**Activity**
Strip the pictures, then copy the remaining data exactly as it stands.

**Available data**
____________________

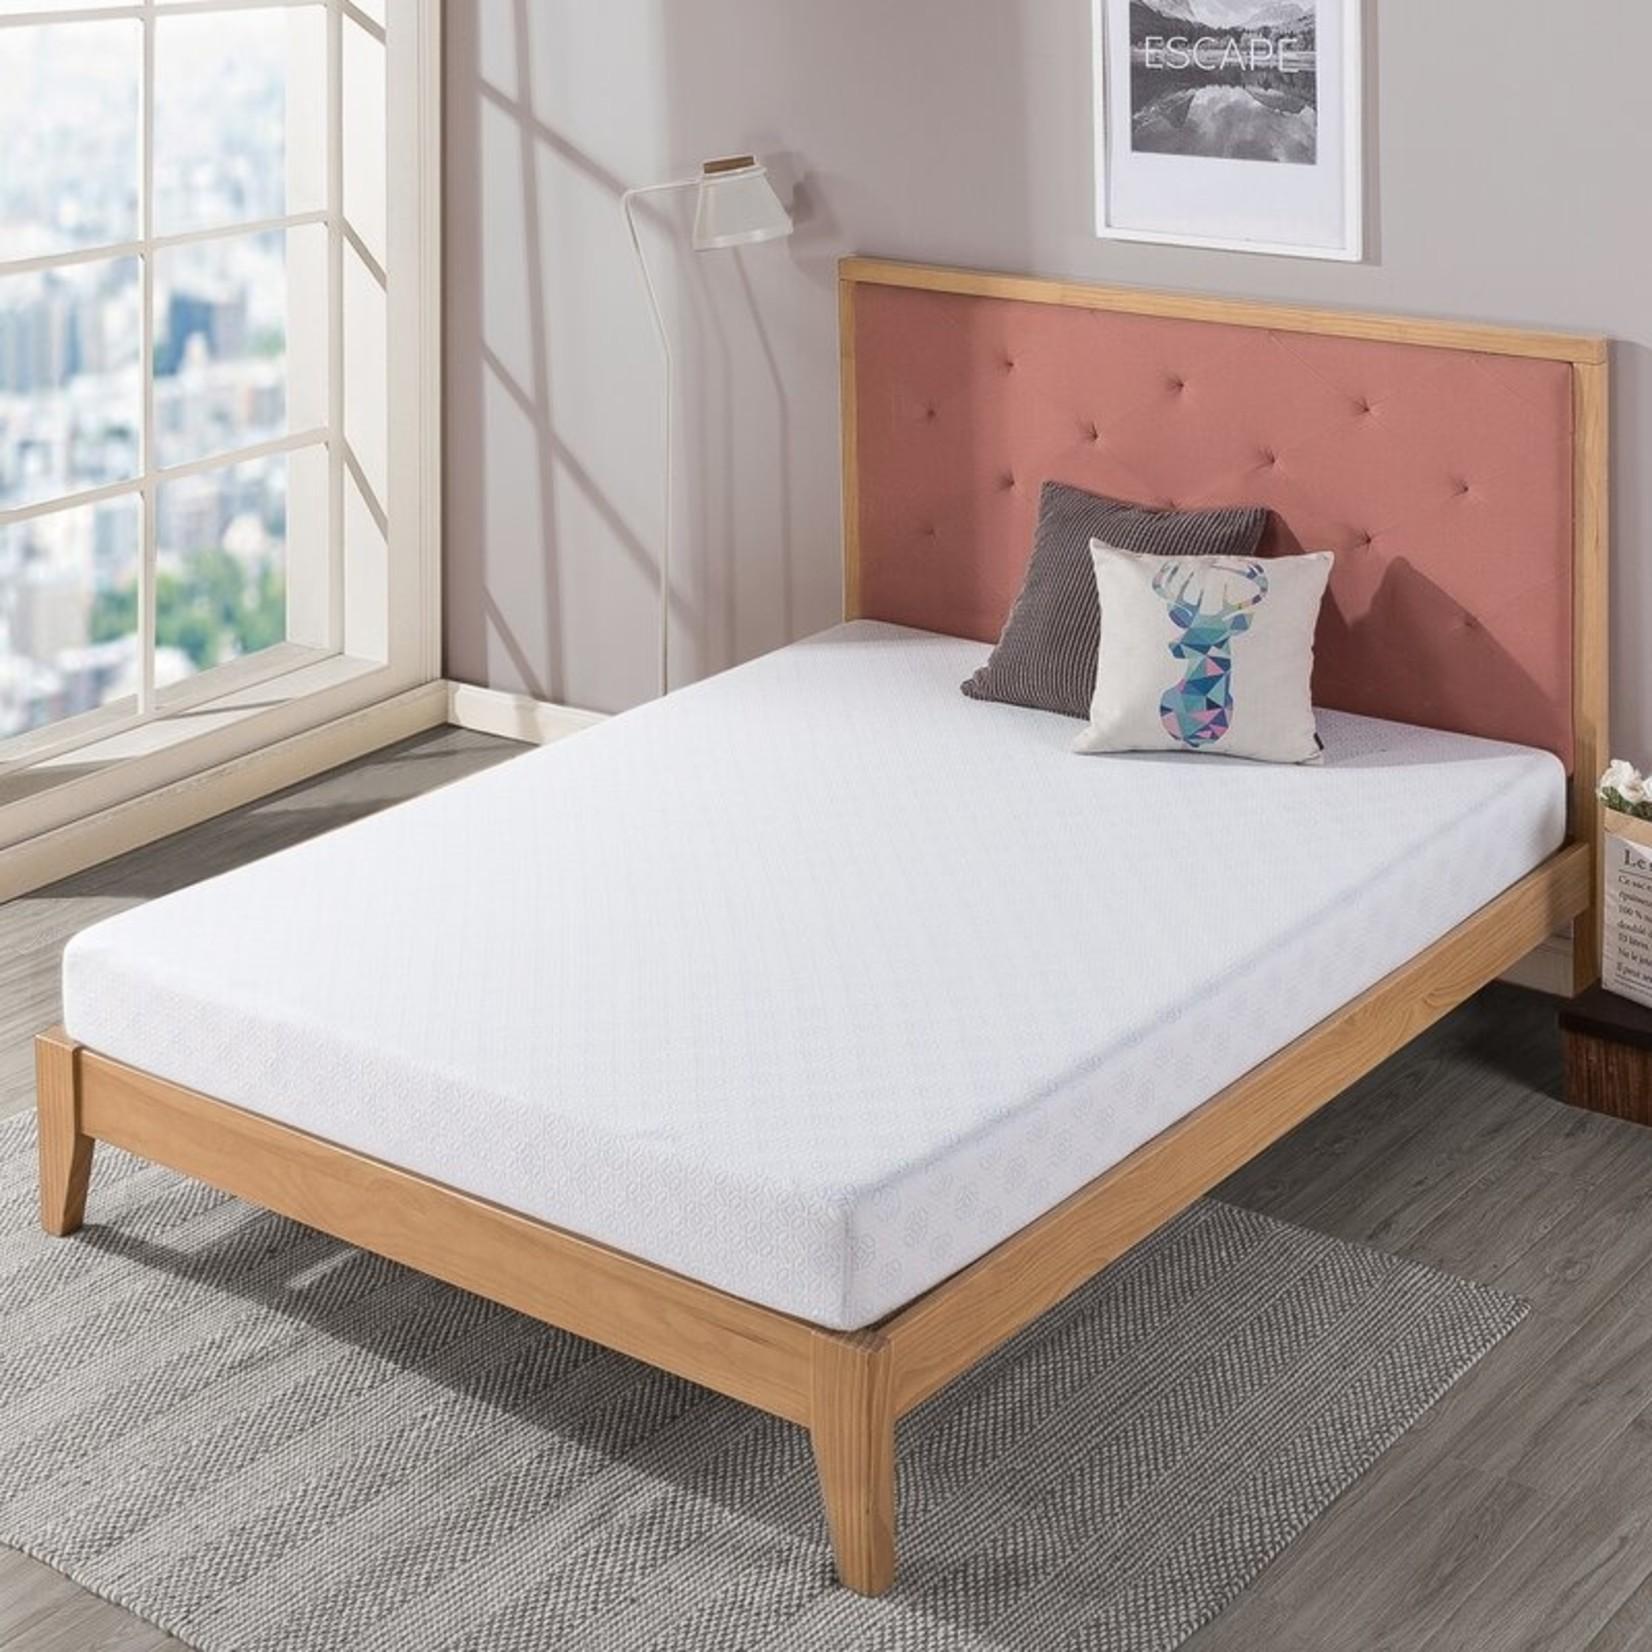 "*Full - Wayfair Sleep Medium 8"" Gel Memory Foam Mattress - Final Sale"
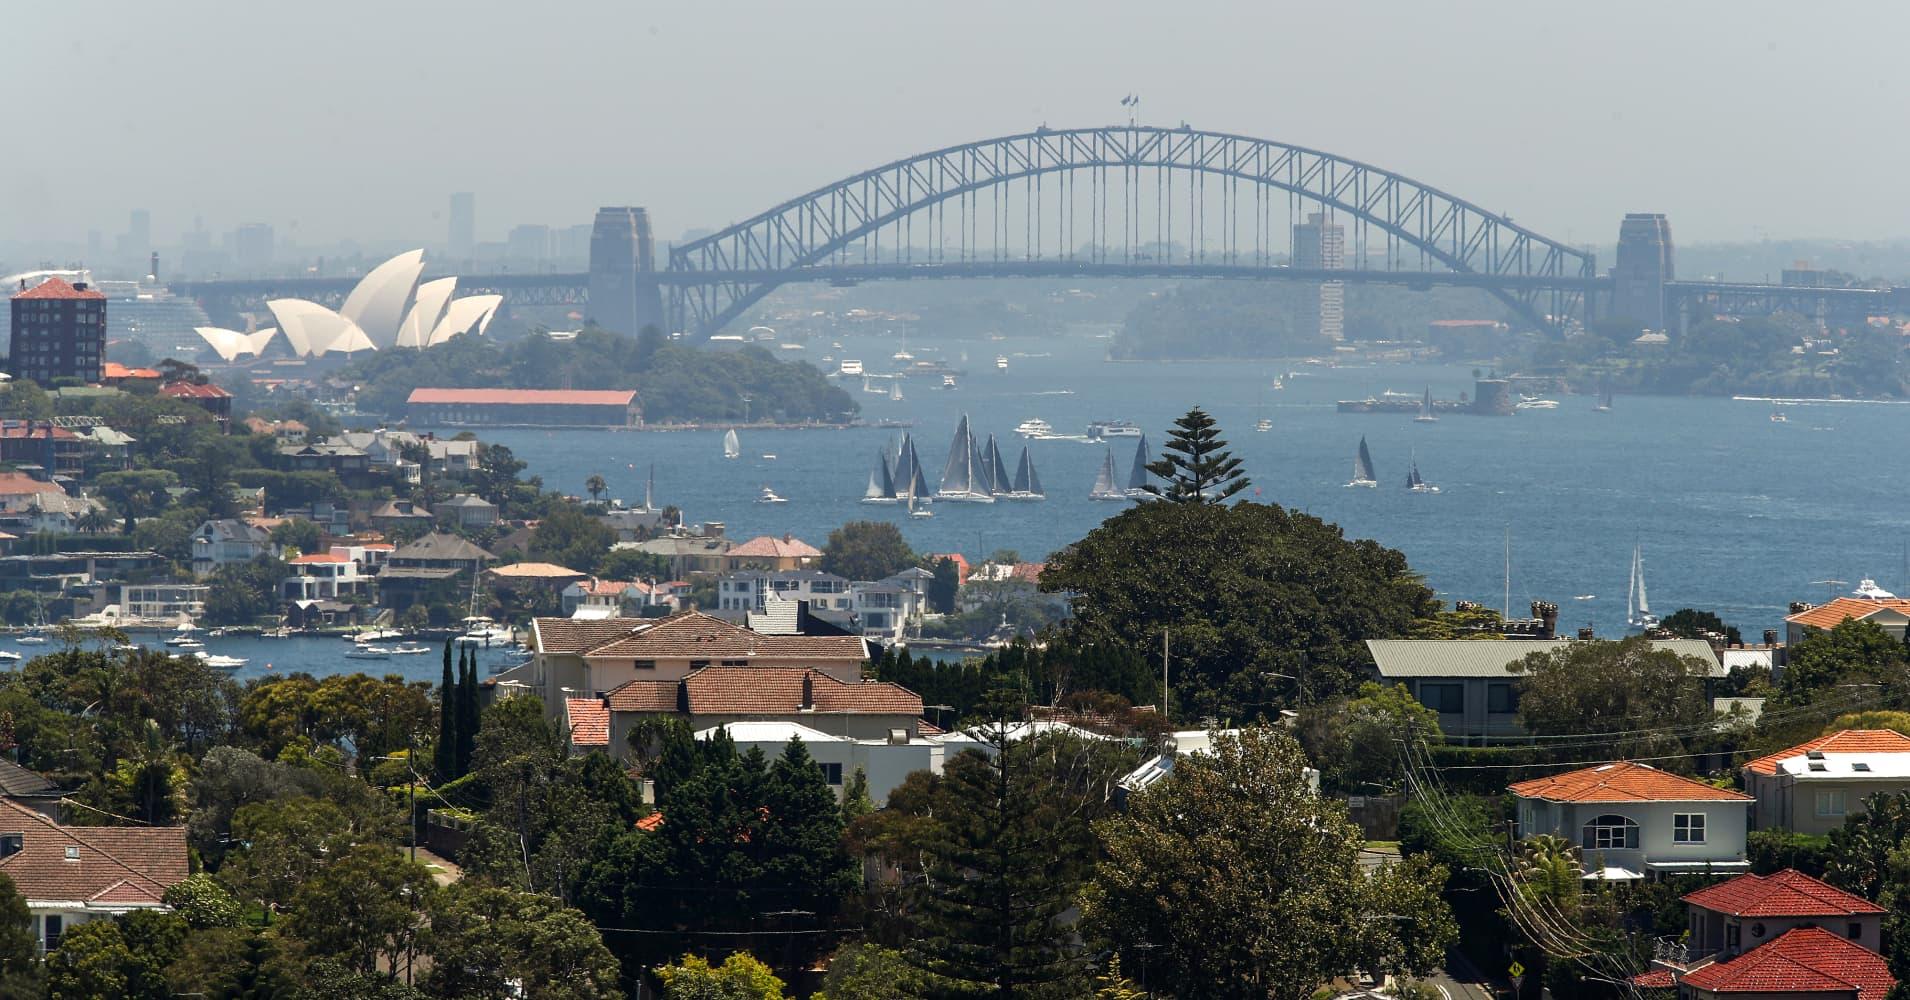 Australia dollar skids as the economy slows sharply
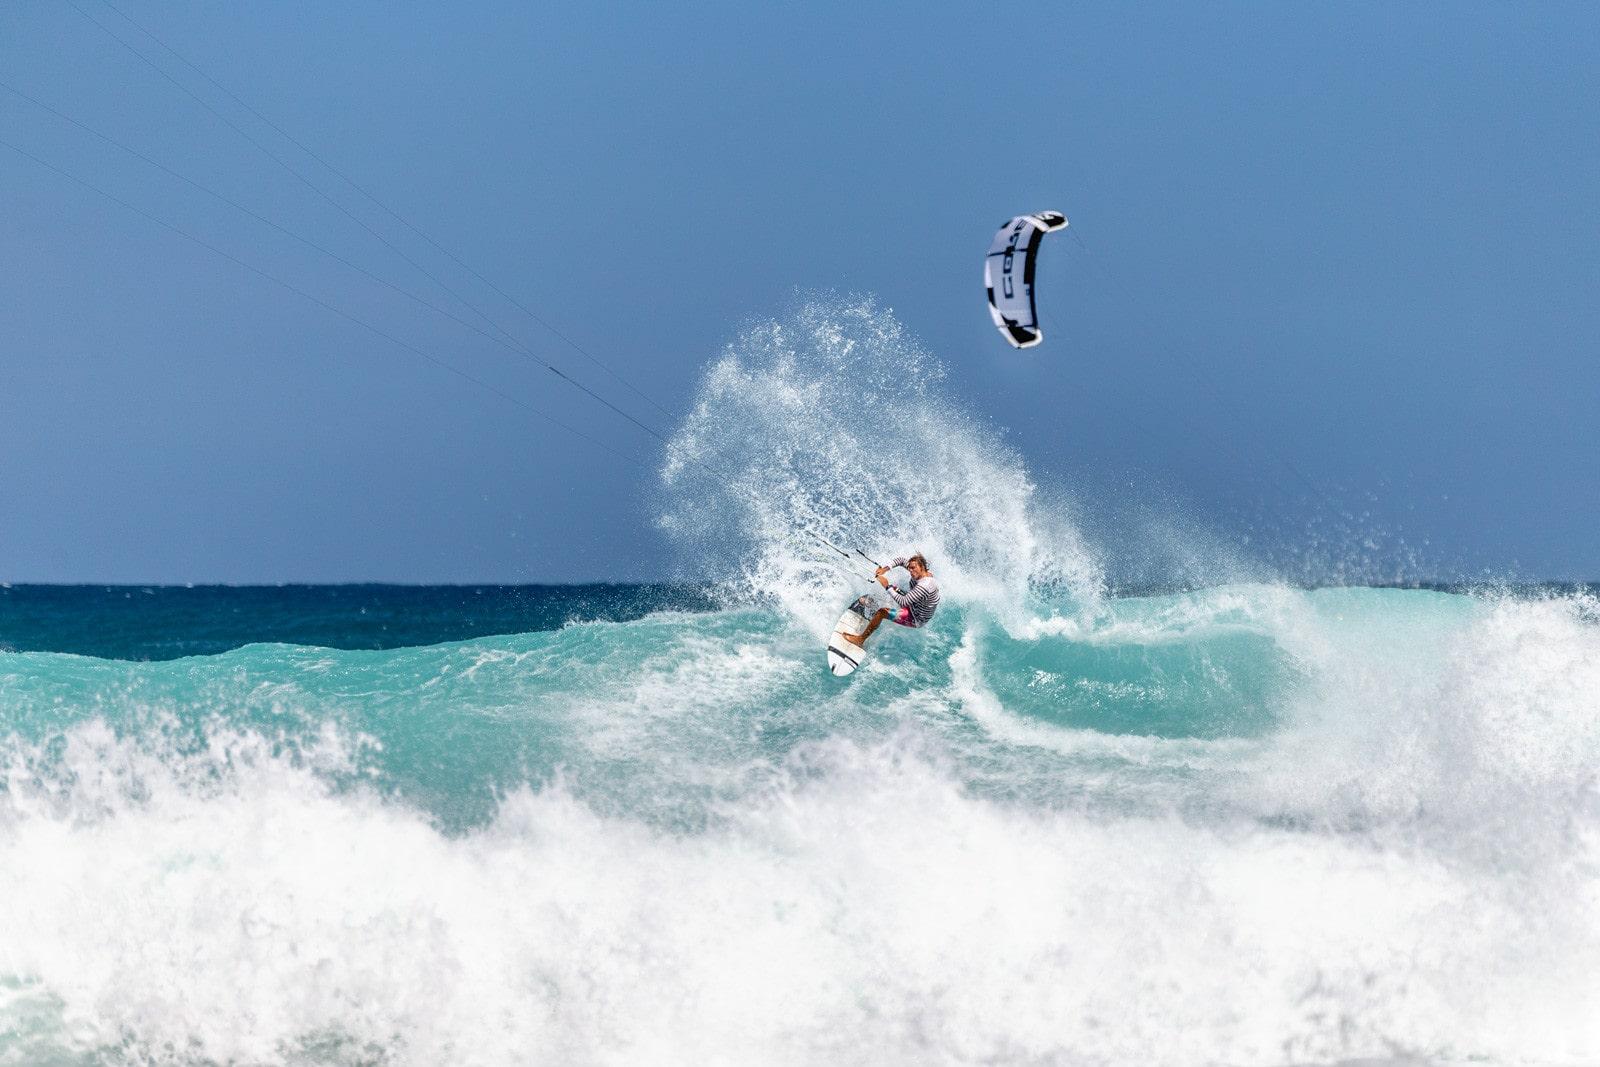 Core Ripper 4 Surfboard was ist neu?
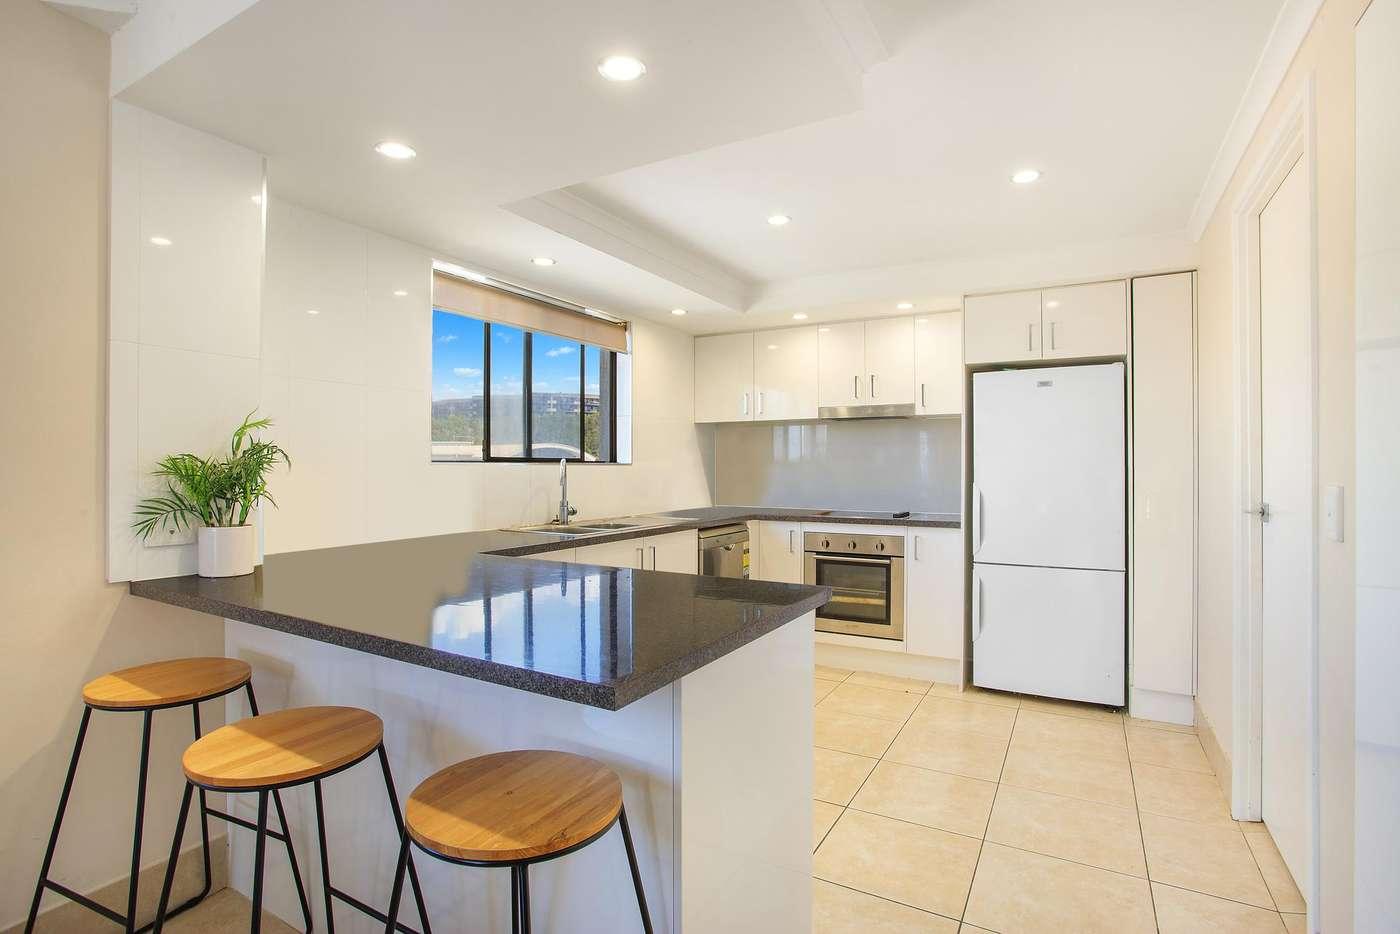 Fifth view of Homely unit listing, 8/26 Albatross Avenue, Mermaid Beach QLD 4218

____________________

**Solution**
 "*Full - Wayfair Sleep Medium 8"" Gel Memory Foam Mattress - Final Sale"
 Australia dollar skids as the economy slows sharply
 Core Ripper 4 Surfboard was ist neu?
 Fifth view of Homely unit listing, 8/26 Albatross Avenue, Mermaid Beach QLD 4218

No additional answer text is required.